I think that on start up it should be considered (best effort) to try and recover the state of the machine but in the event that state files are corrupted maybe it would be best to make sure and shutdown any tasks that are still running, and delete all of the allocation state information on disk. This way it will still start up, but let the scheduler figure out a new home for the task.

themclient typenhancement

Most helpful comment

Another issue today on 0.4.0 when the client did not want to start. This time not with JSON files. Anybody knows what could be wrong here?
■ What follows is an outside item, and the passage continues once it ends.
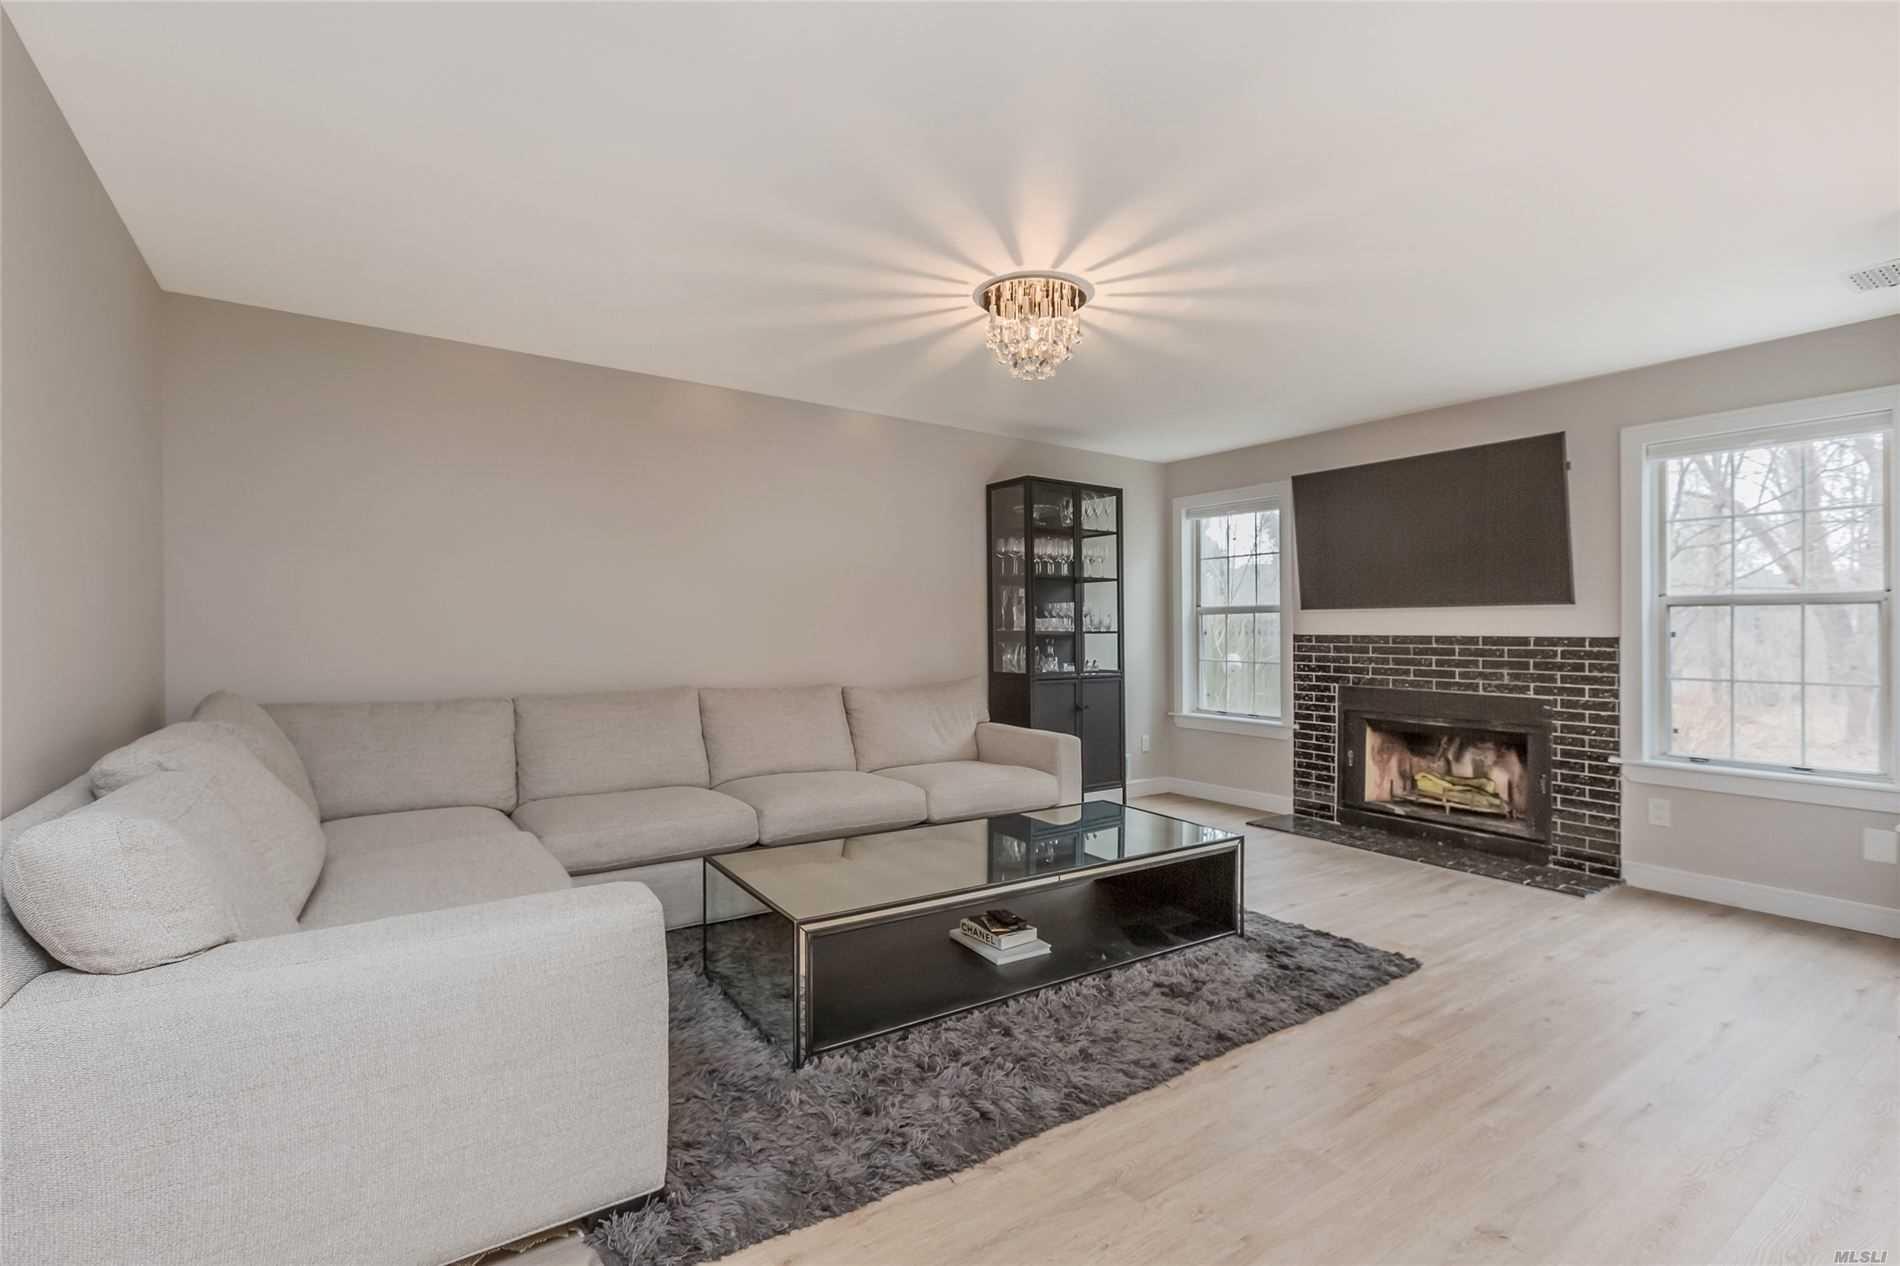 Property for sale at 4 Victorian Court, Huntington NY 11743, Huntington,  New York 11743

# /path/nomad agent -config /path/config.json
    Loaded configuration from /path/config.json
==> Starting Nomad agent...
==> Error starting agent: client setup failed: failed to restore state: 1 error(s) occurred:

* 2 error(s) occurred:

* alloc_runner snapshot includes a nil allocation
* alloc_runner snapshot includes a nil context

Deleting the Nomad data directory helped again. I kept a copy in case you need some information from it.

All 19 comments

This would be neat! I experience this fairly occasionally when docker hangs and I have to force reboot an instance.

I've built a temporary work around where I've written health checks for backends that checks the state of docker and nomad, and, if either fail, let Google Compute Engine automatically destroy and reprovision the instance.

I would be interested to know if you continue seeing this after 0.4.0 comes
out because of #1357

On Tue, Jun 28, 2016, 4:26 PM George Robinson [email protected]
wrote:

This would be neat! I experience this fairly occasionally when docker
hangs and I have to force reboot an instance.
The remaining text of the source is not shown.